Dans les start-up, la frontière est ténue entre engagement total et management toxique
« L’un des patrons appelait un manager “mon toutou” devant tout le monde, alors qu’il faisait juste bien son travail, raconte au Monde Vincent (les prénoms ont été modifiés), un ancien salarié de la start-up d’intérim Iziwork. Après six mois d’humiliation, ils ont imprimé un t-shirt avec une photo de chien, et au verso la phrase “bonne petite bête or go home (rentre chez toi)” ».
La victime présumée de cette anecdocte s’incrit en faux et la qualifie de « plaisanterie entre amis ». « Il y a bien eu un t-shirt, mais jamais je n’ai été appelé toutou, et jamais je ne me suis senti humilié. Quant à l’expression “bonne petite bête or go home” c’est un détournement humoristique de notre mantra “go big or go home” ».
De son côté, Chloé, ex-chargée de recrutement dans la même entreprise, se souvient : « On me faisait travailler en arrêt de travail. Un jour, je me suis fait renverser par une voiture, ma manageuse m’a demandé de bosser ». Chez Iziwork comme ailleurs, les témoignages de mauvaises pratiques pleuvent sur le réseau social Instagram.

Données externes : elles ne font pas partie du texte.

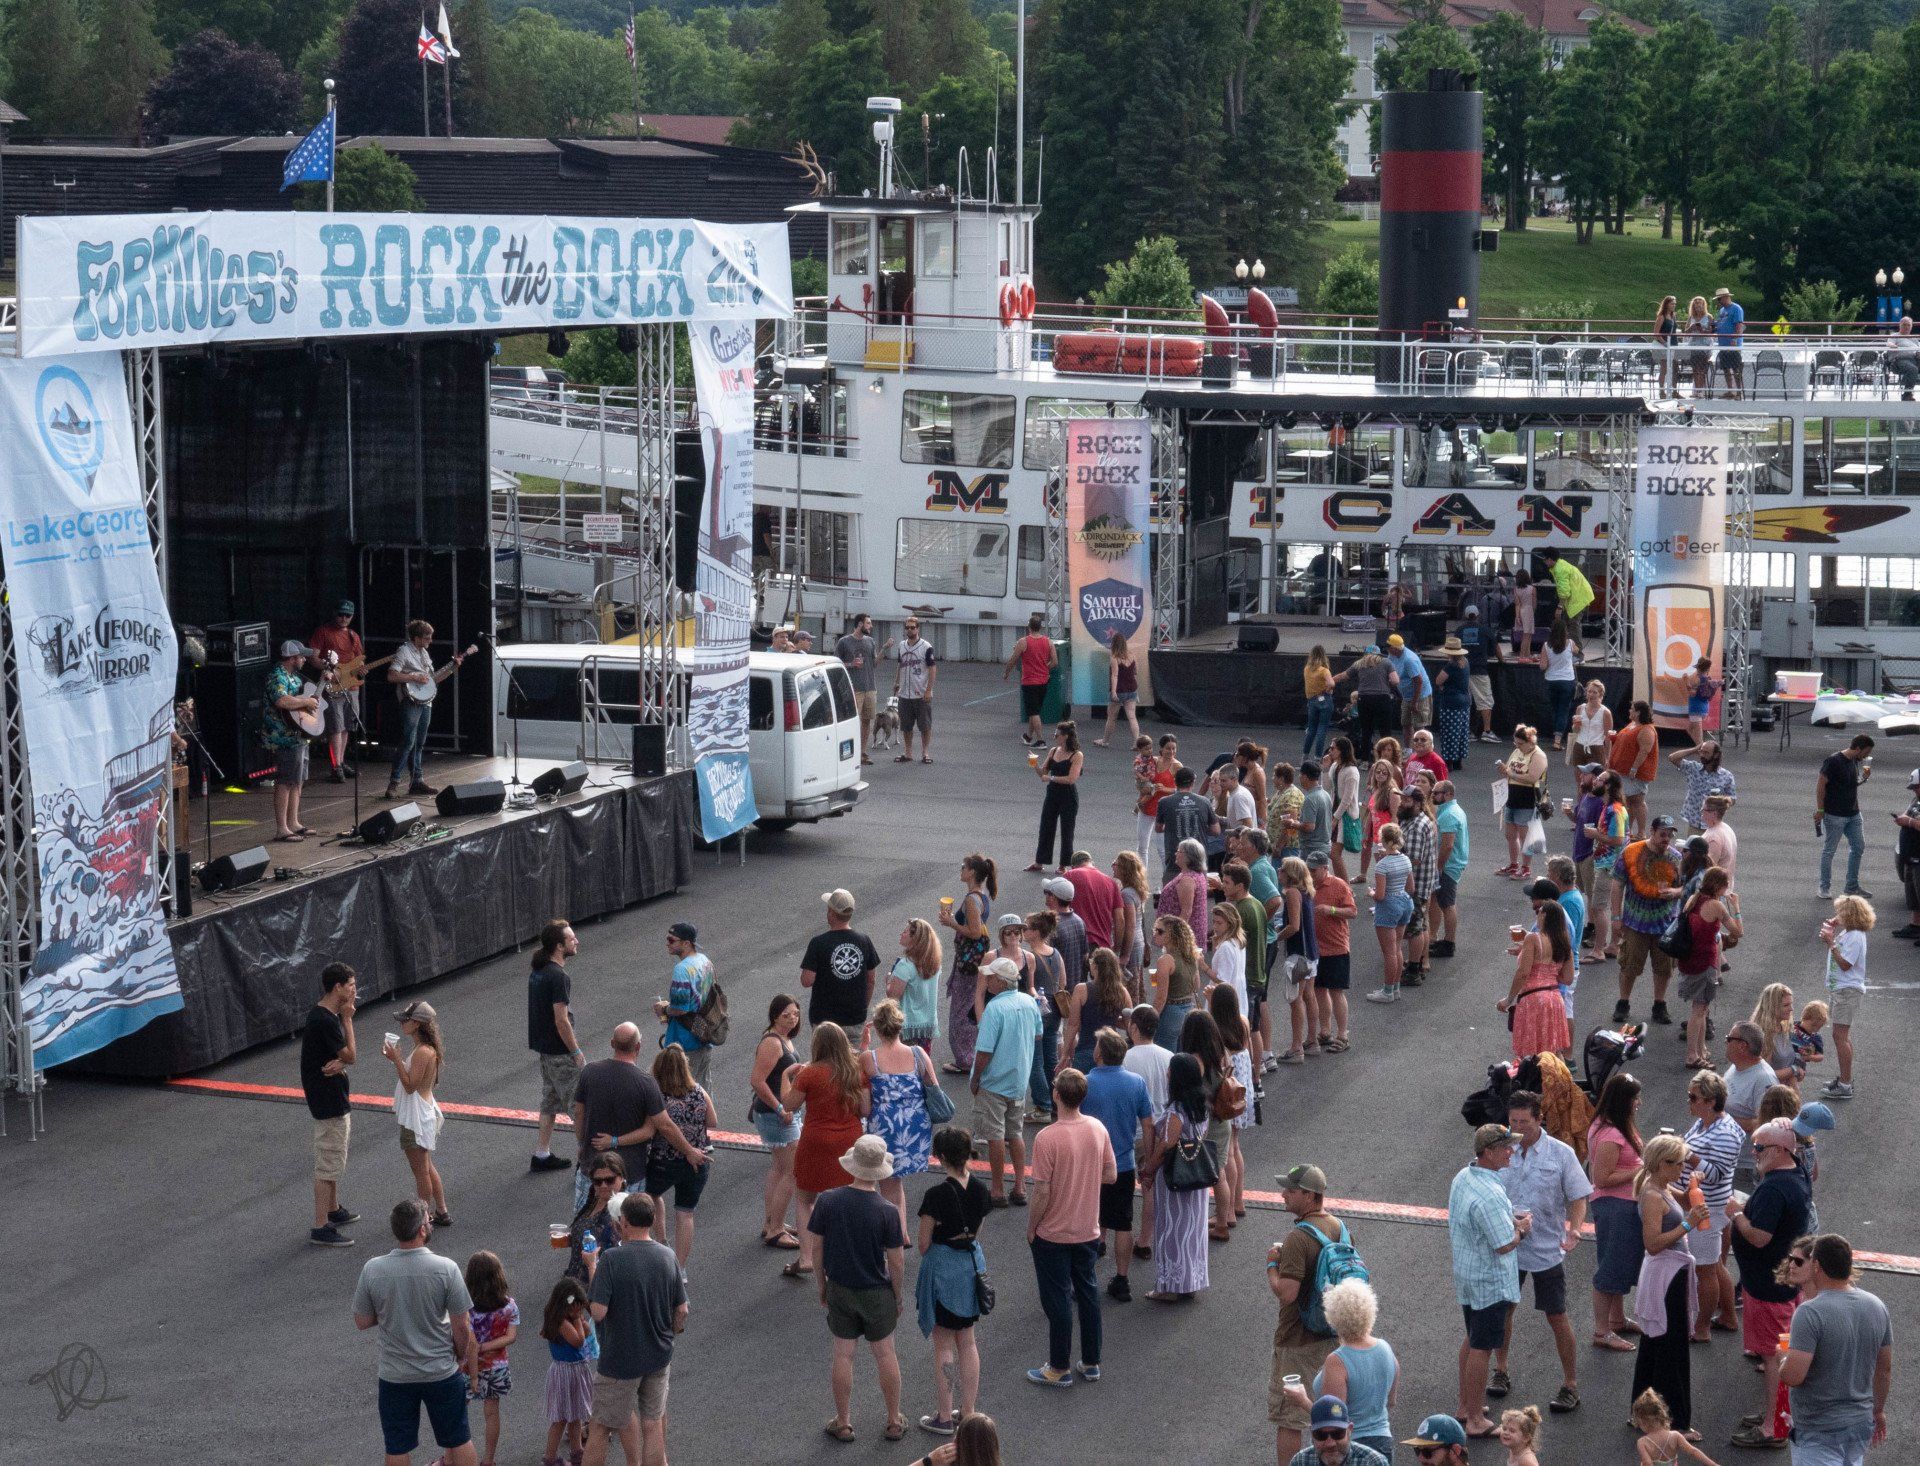 Experience Rock The Dock Lake July 22nd, 2022

Créé le 25 décembre 2020 par une ancienne employée de start-up, le compte Balance ta start-up (BTS) relaie, depuis deux mois, la parole de centaines de salariés qui dénoncent anonymement les méthodes de management toxiques des start-up. « J’ai été témoin d’abus. Souvent, les mêmes schémas s’y reproduisent, liés au non-respect du droit du travail », explique Louise, la fondatrice de BTS, qui tient à rester anonyme.
Eviter la diffamation
Balance ta start-up s’inscrit dans une lignée de libération de la parole amorcée par #balancetonporc en 2018. « Il y a une grande omerta. Quand on est bloqué, les réseaux sociaux sont le dernier recours », observe Louise. Pour vérifier l’authenticité des témoignages et éviter la diffamation, « je demande si la personne a bien travaillé dans l’entreprise, elle doit m’envoyer une preuve : un extrait de profil LinkedIn, un contrat de travail… », explique cette trentenaire. Au 25 février, quelque 147 start-up sont mises en cause par plus de 1 200 témoignages. Parmi elles, les très populaires Lou Yetu, Lydia, Swile et Doctolib.
BTS invite évidemment les entreprises à exercer leur droit de réponse, mais sans grand succès. Seules quatre ont répondu, dont une seule reconnaît le problème. Lou Yetu, qui vend des bijoux, dénonce une « campagne de dénigrement » et parle de « choses fausses et infondées ». Pour y voir plus clair, elle a toutefois annoncé le lancement d’un « audit indépendant ».